Collected material
[Start of section]

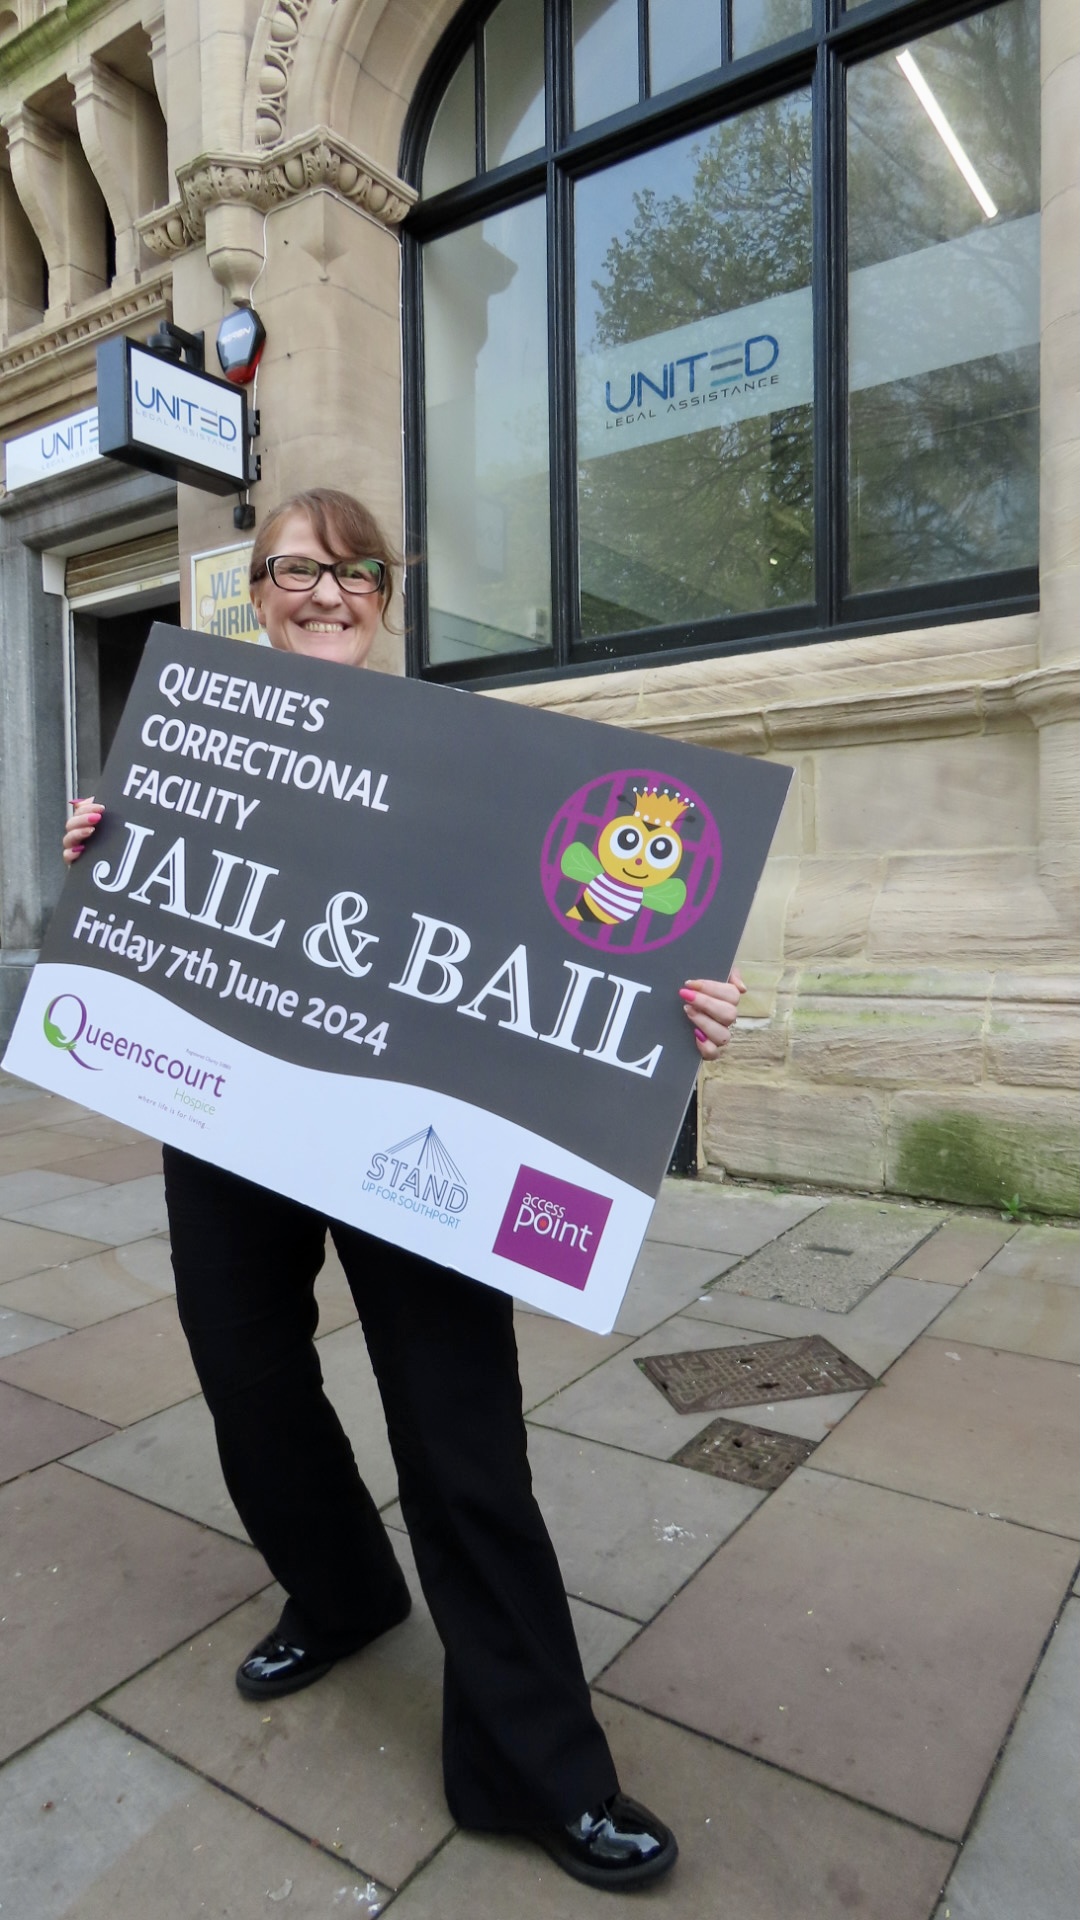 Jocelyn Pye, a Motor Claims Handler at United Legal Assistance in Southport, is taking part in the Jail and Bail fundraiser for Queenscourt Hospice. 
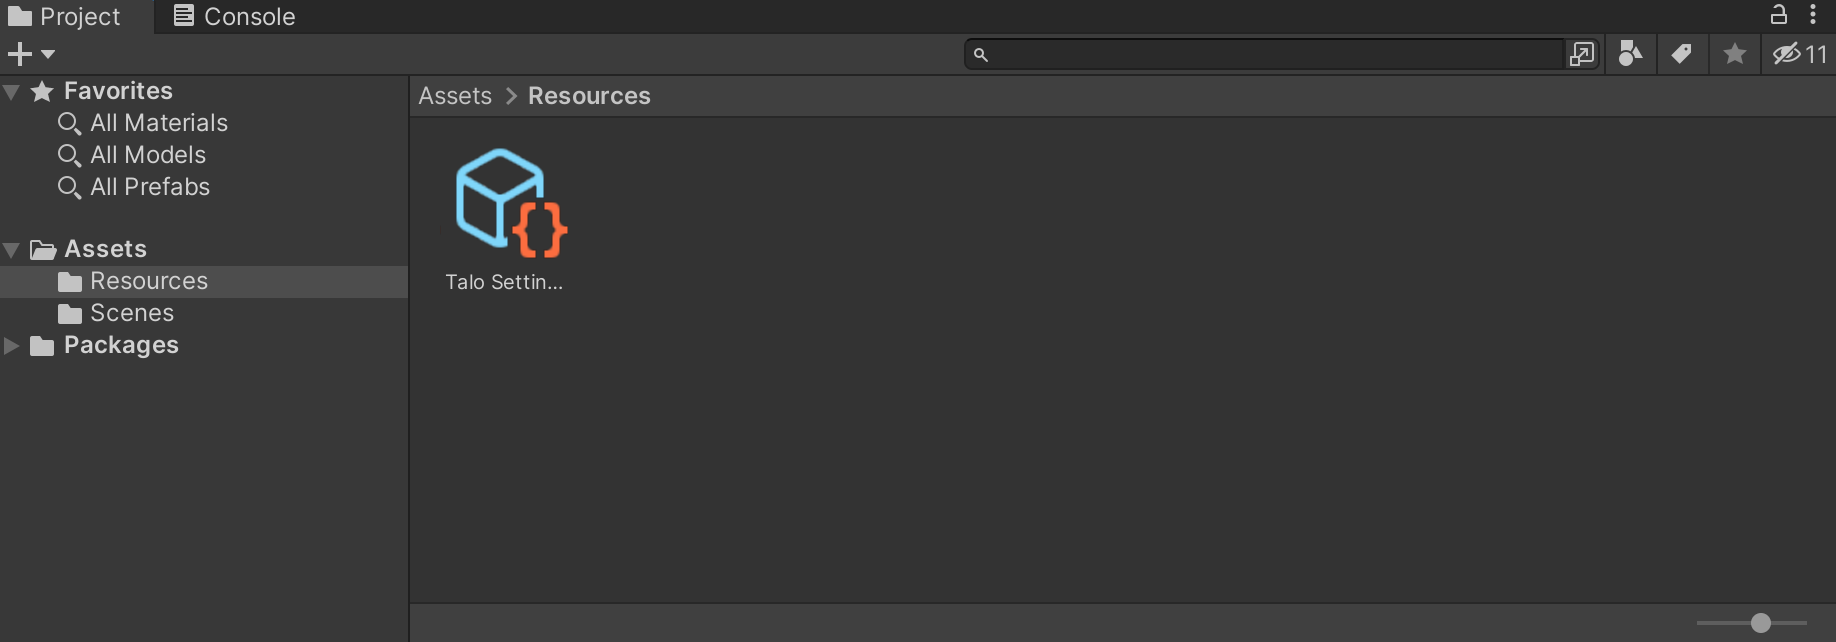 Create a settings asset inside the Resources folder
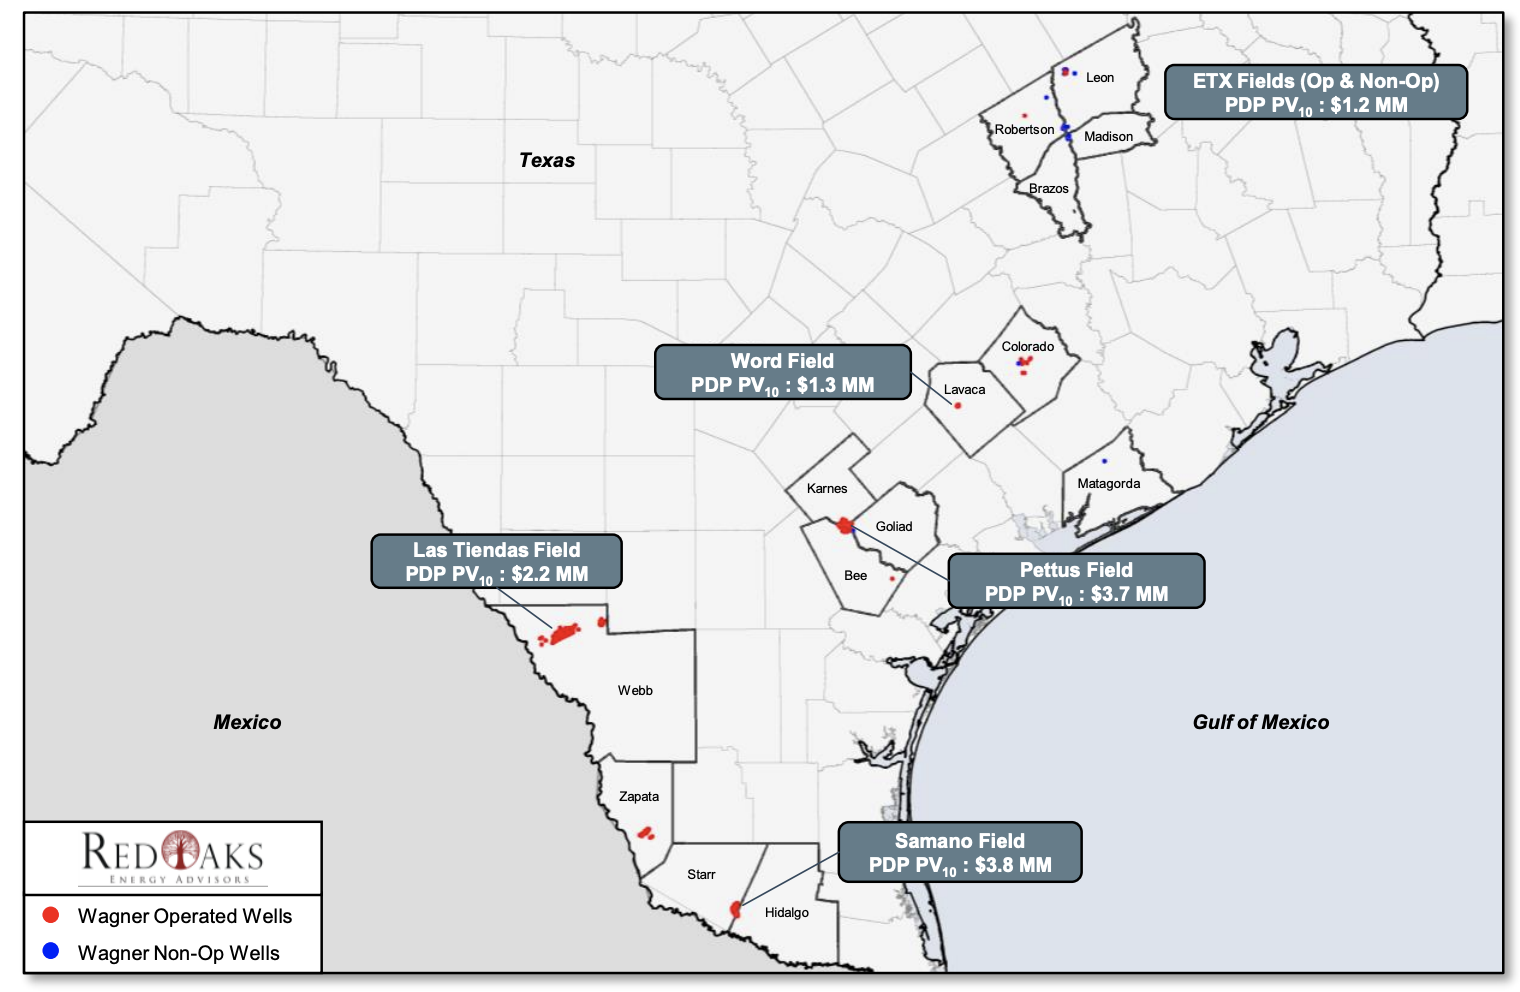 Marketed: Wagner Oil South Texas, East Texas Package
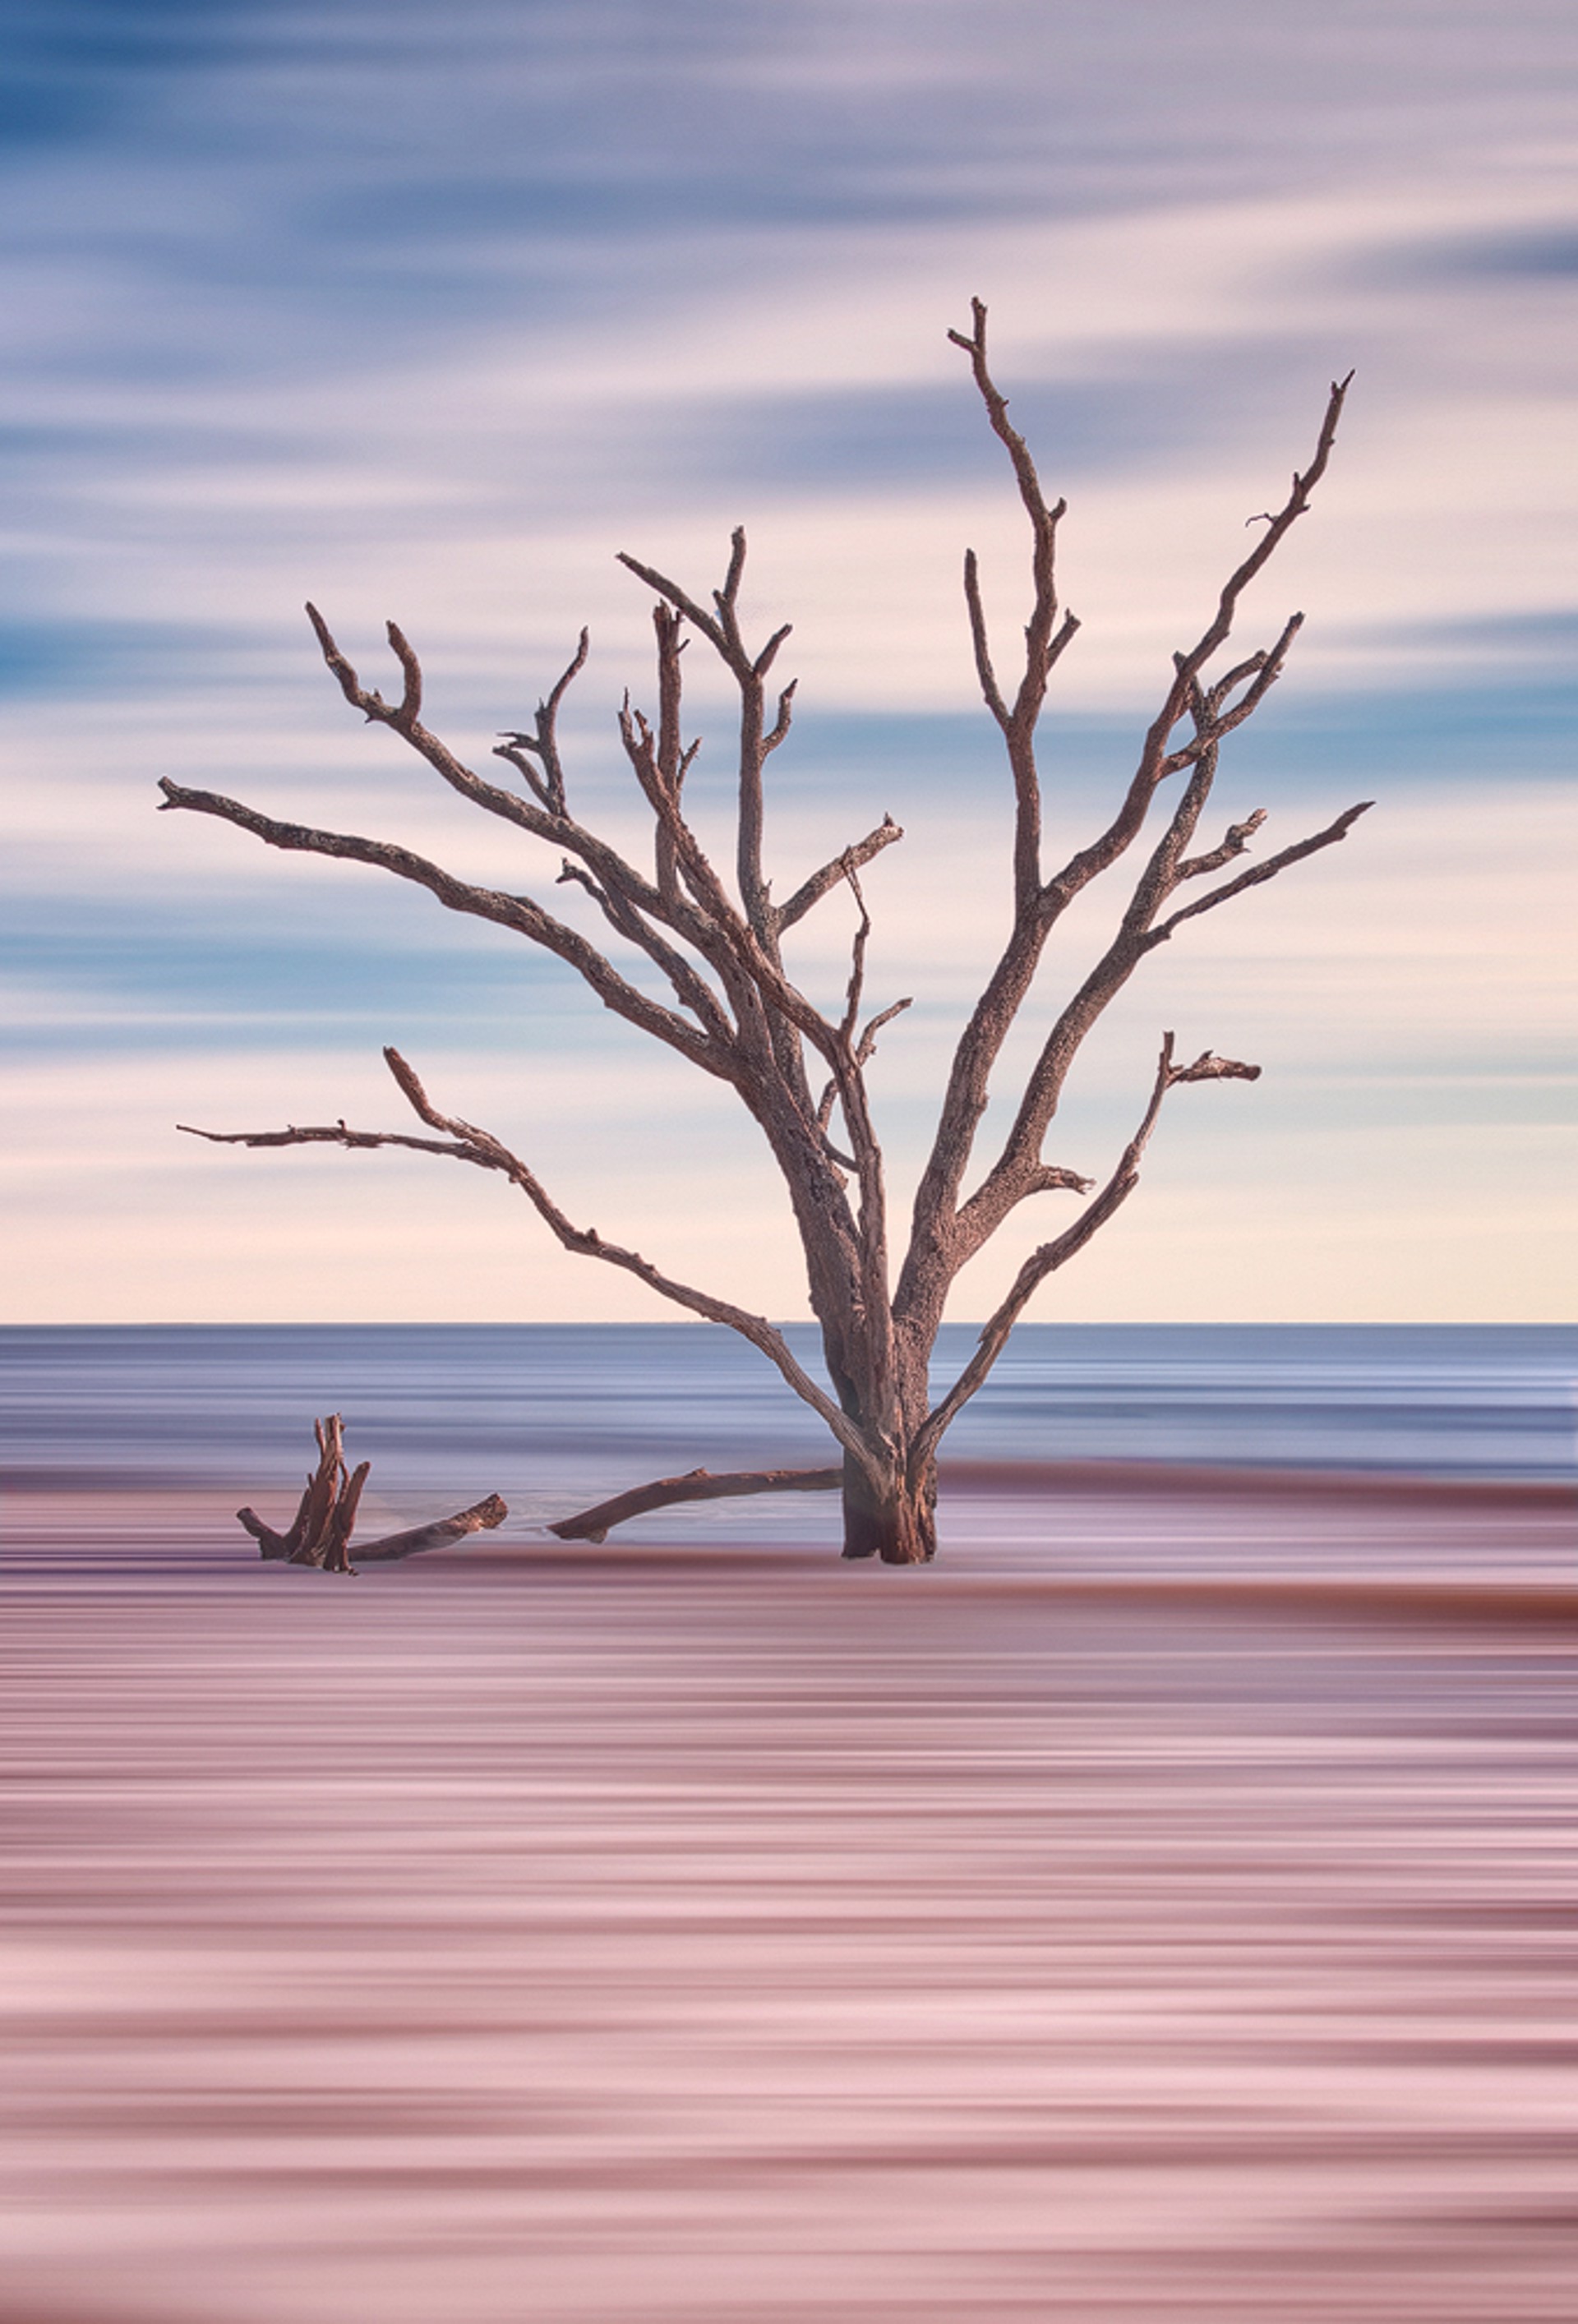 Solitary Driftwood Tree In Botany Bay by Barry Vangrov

[End of section]

If the data includes images, omit them, and set down everything else exactly as above.

 Jocelyn Pye, a Motor Claims Handler at United Legal Assistance in Southport, is taking part in the Jail and Bail fundraiser for Queenscourt Hospice. 
 Create a settings asset inside the Resources folder
 Marketed: Wagner Oil South Texas, East Texas Package
 Solitary Driftwood Tree In Botany Bay by Barry Vangrov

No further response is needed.